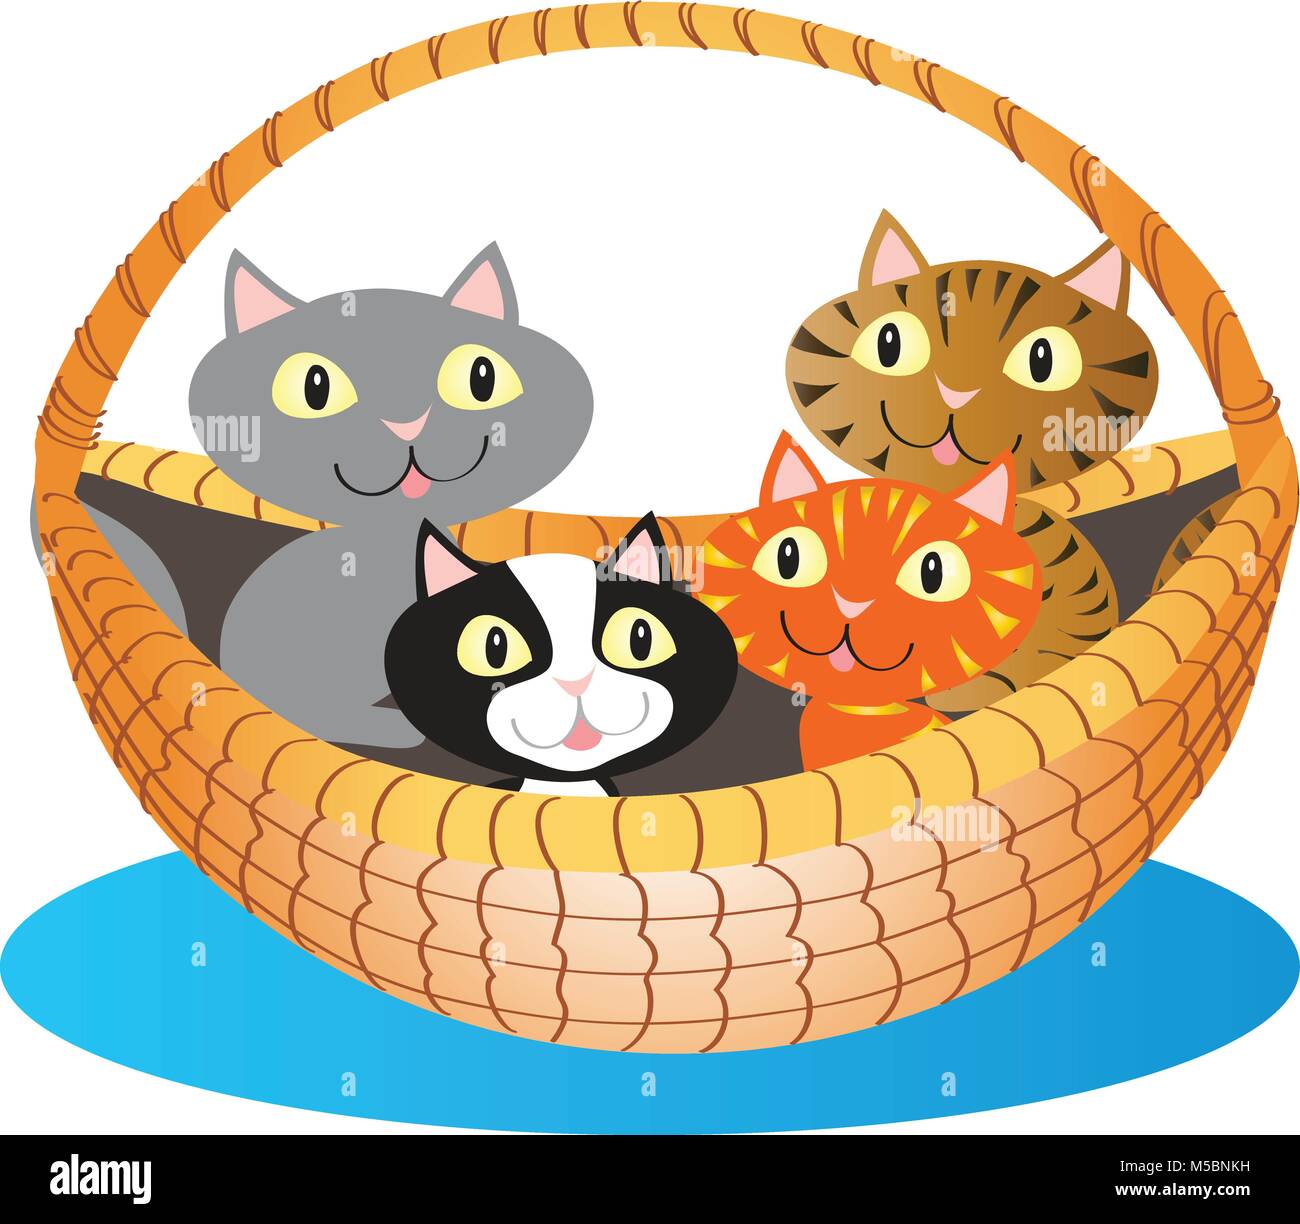 A cartoon basket a cute little kittens Stock Vector
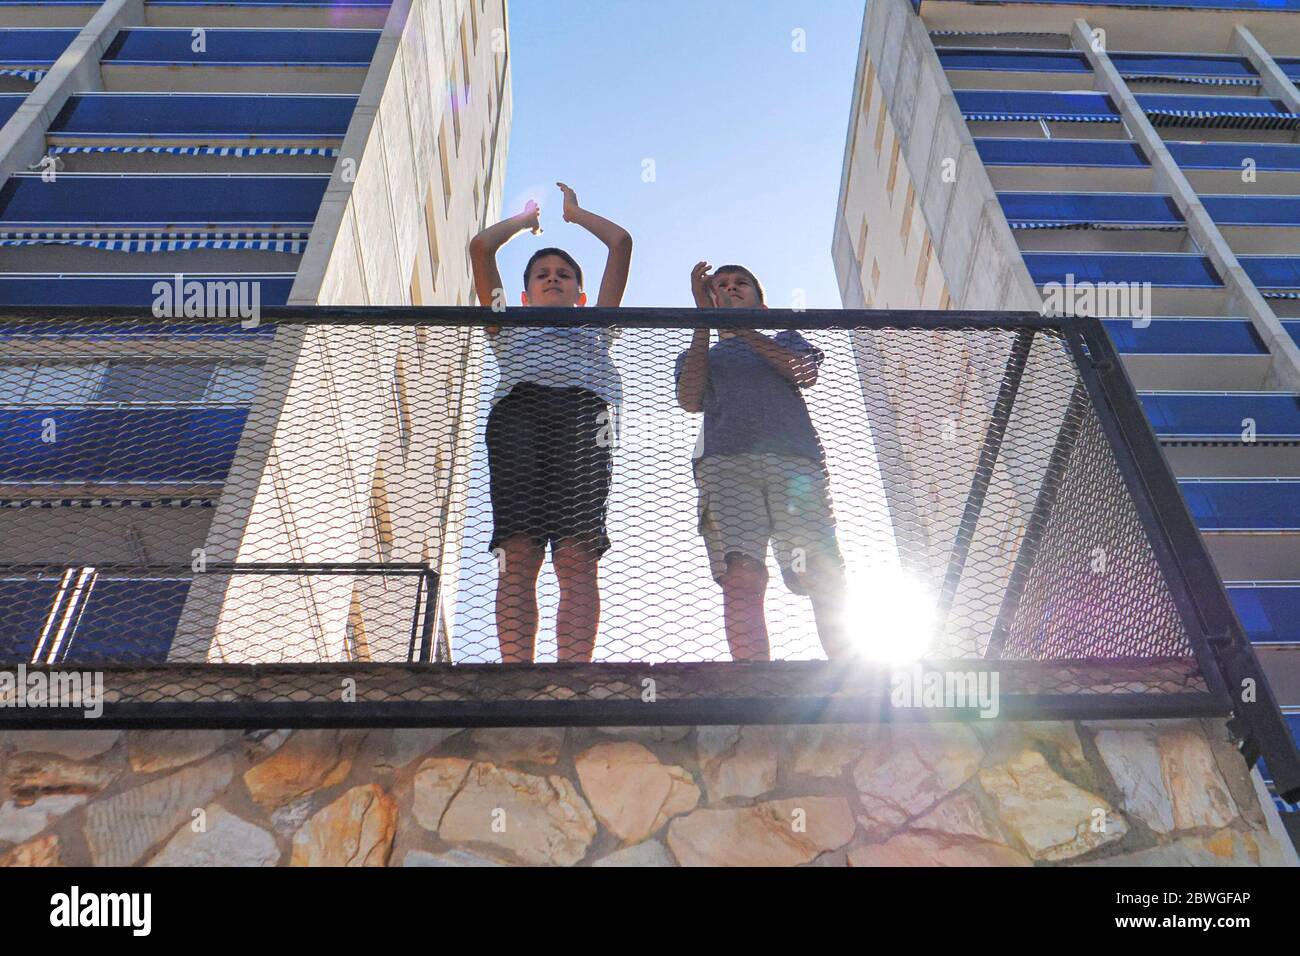 Kinder klatschen mit den Händen, applaudieren vom Balkon der Terrasse, um Ärzte, Krankenschwestern, Krankenhausangestellte während der Coronavirus Covid-19 Pandemie Quarantäne zu unterstützen Stockfoto
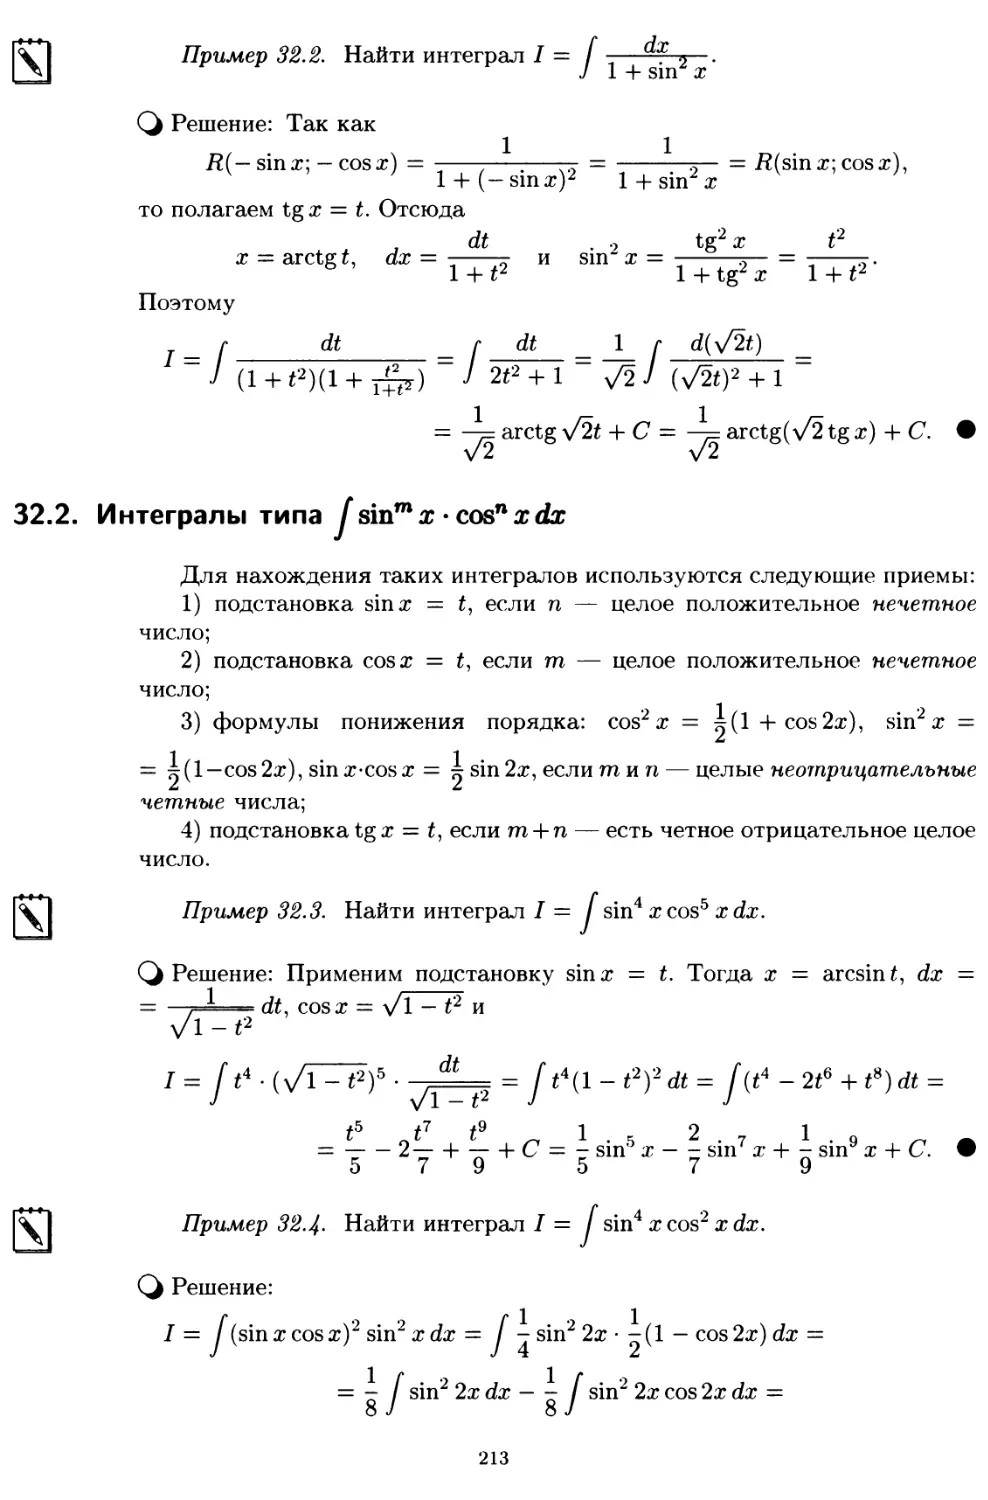 32.2. Интегралы типа sin^m x • cos^n x dx

▶ **TASK GOAL**
All of the material above is to be copied exactly, except for its images.

▶ **YOUR RESPONSE**
 A cartoon basket a cute little kittens Stock Vector
 Kinder klatschen mit den Händen, applaudieren vom Balkon der Terrasse, um Ärzte, Krankenschwestern, Krankenhausangestellte während der Coronavirus Covid-19 Pandemie Quarantäne zu unterstützen Stockfoto
 32.2. Интегралы типа sin^m x • cos^n x dx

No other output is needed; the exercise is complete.